■ **Task brief**: Beginning with the line that contains "14K White Gold" and ending with the line that contains "Usina Jeans - Verão", reproduce the lines of the entries below exactly, omitting pictures.

■ **Records provided**:
-------------------------
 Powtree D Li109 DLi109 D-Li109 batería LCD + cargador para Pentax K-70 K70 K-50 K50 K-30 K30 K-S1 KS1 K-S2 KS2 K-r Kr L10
-------------------------
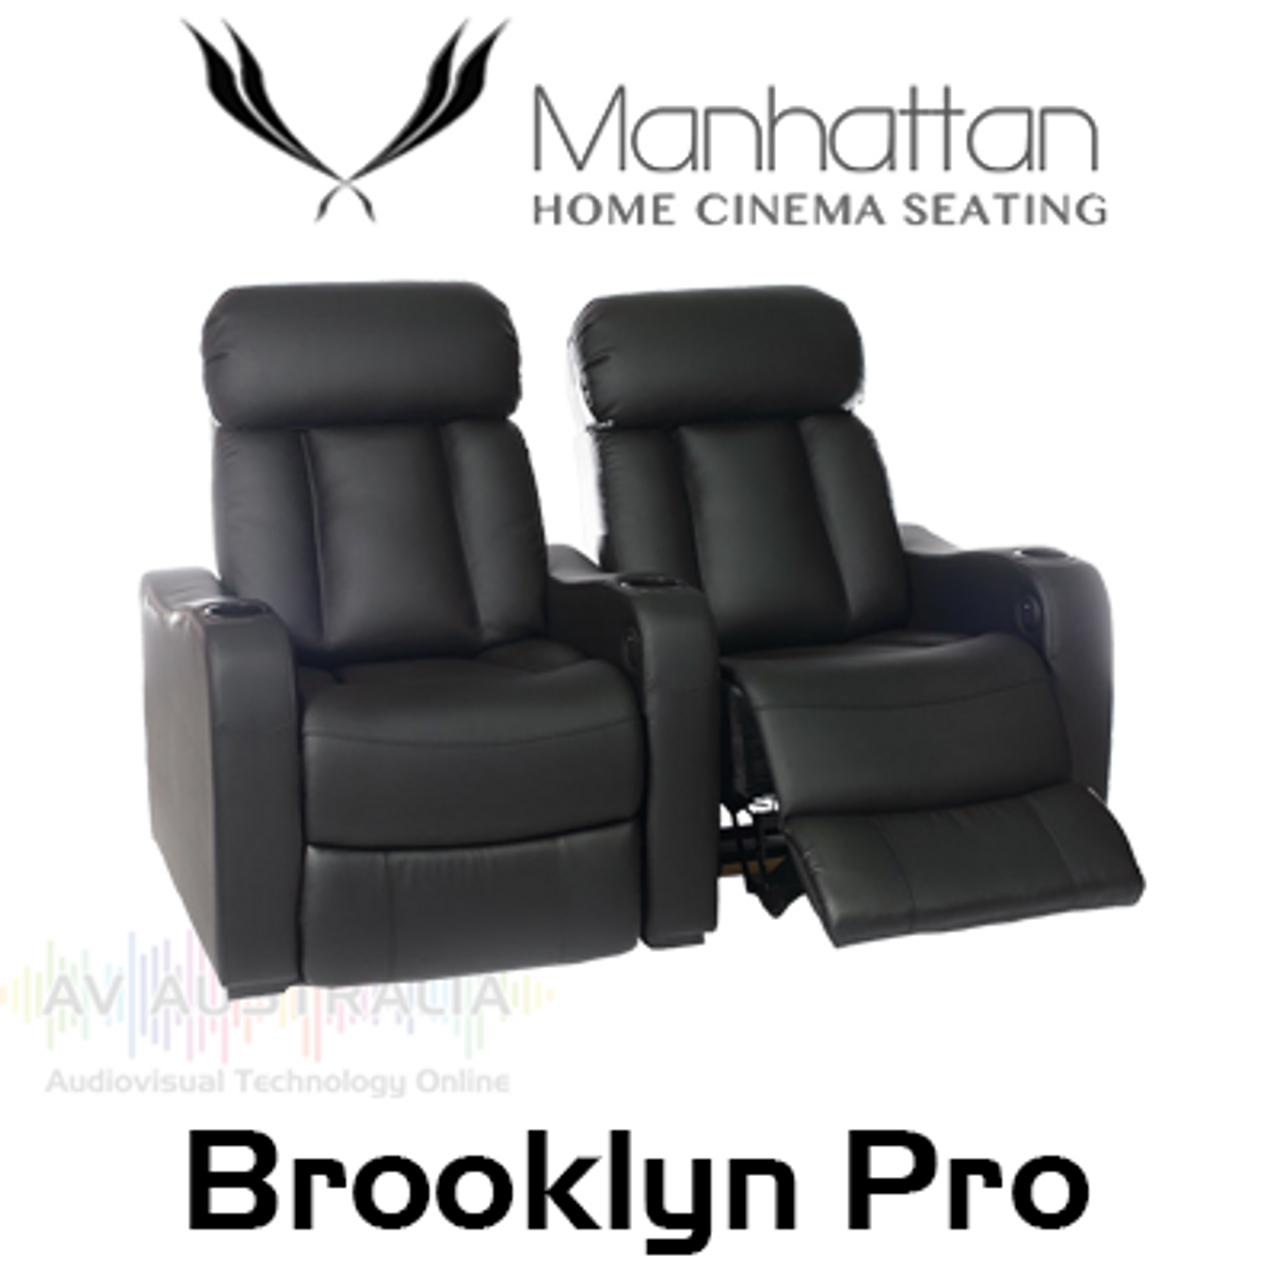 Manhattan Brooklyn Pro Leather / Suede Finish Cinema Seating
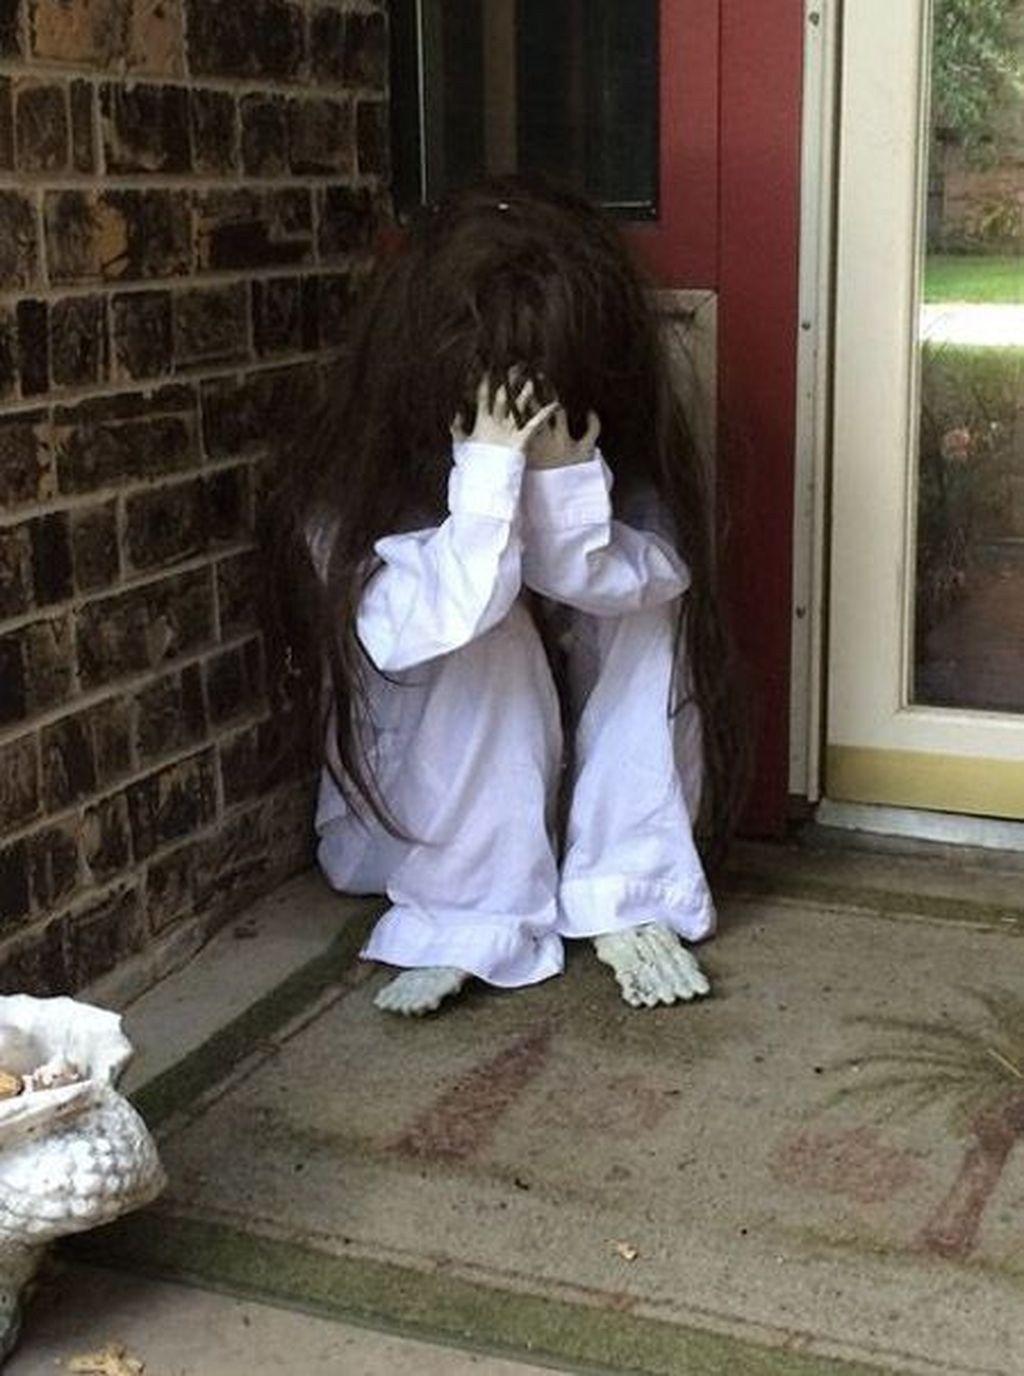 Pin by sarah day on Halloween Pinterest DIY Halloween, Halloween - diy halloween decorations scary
-------------------------
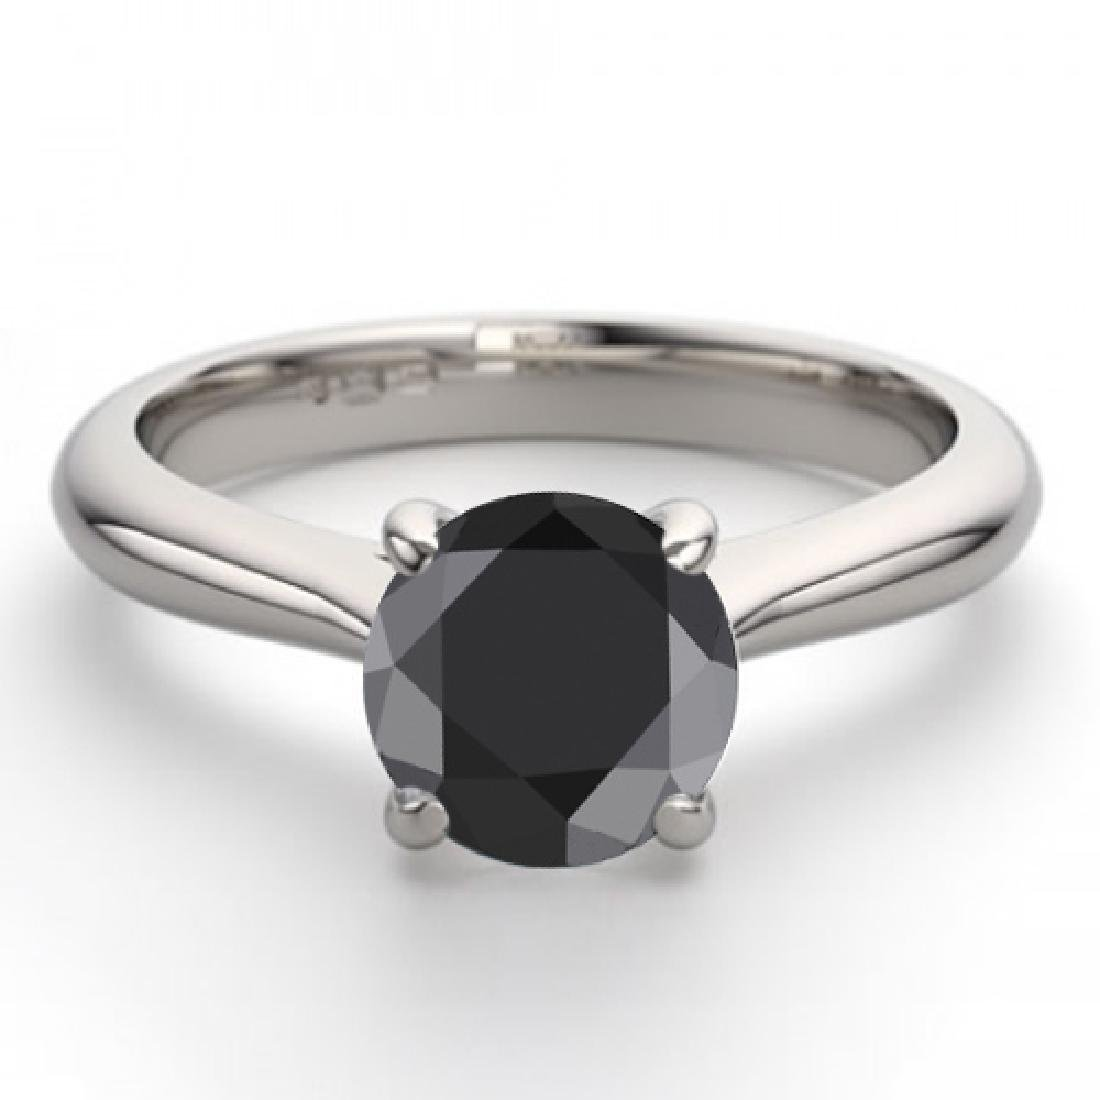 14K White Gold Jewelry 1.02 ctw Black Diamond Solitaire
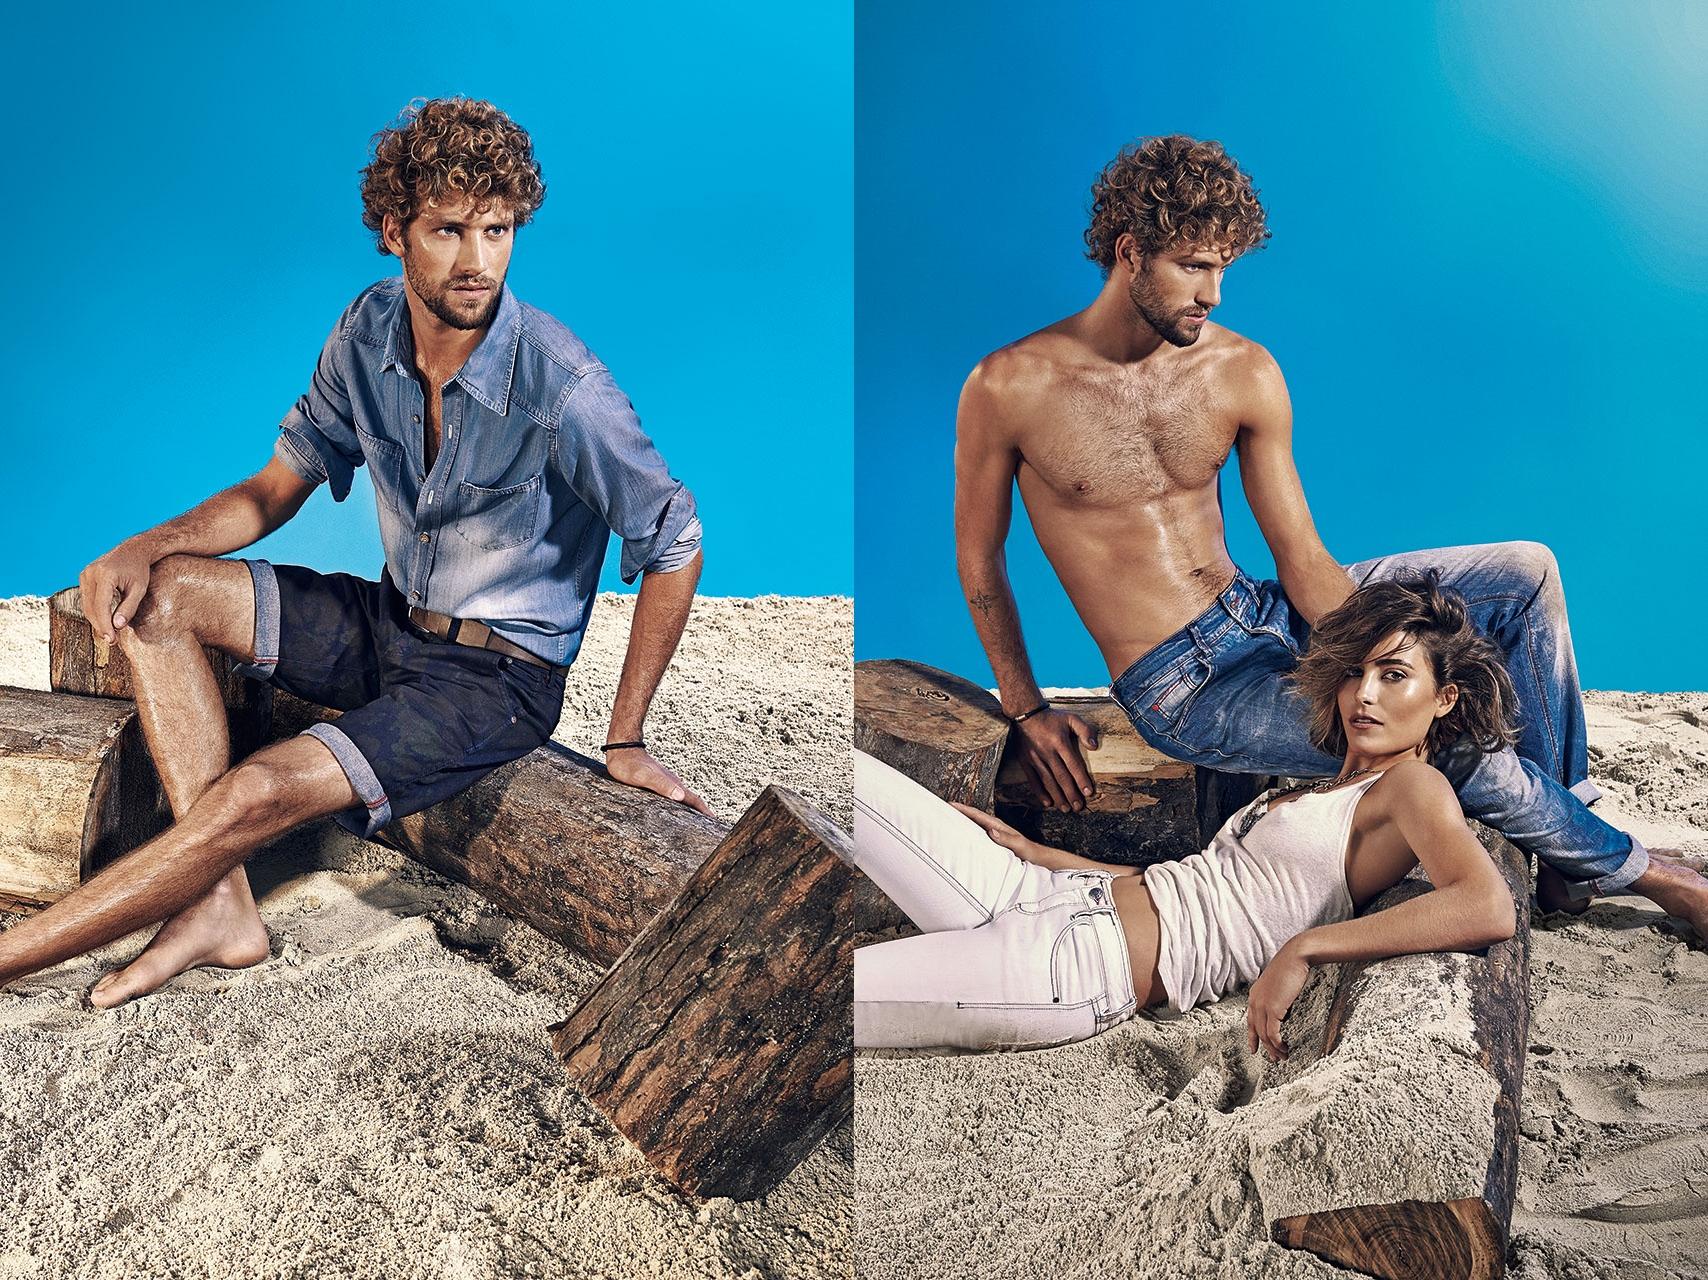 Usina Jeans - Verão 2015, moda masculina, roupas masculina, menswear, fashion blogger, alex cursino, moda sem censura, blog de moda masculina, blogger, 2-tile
-------------------------
■ **Response for this exercise**:
 14K White Gold Jewelry 1.02 ctw Black Diamond Solitaire
 Usina Jeans - Verão 2015, moda masculina, roupas masculina, menswear, fashion blogger, alex cursino, moda sem censura, blog de moda masculina, blogger, 2-tile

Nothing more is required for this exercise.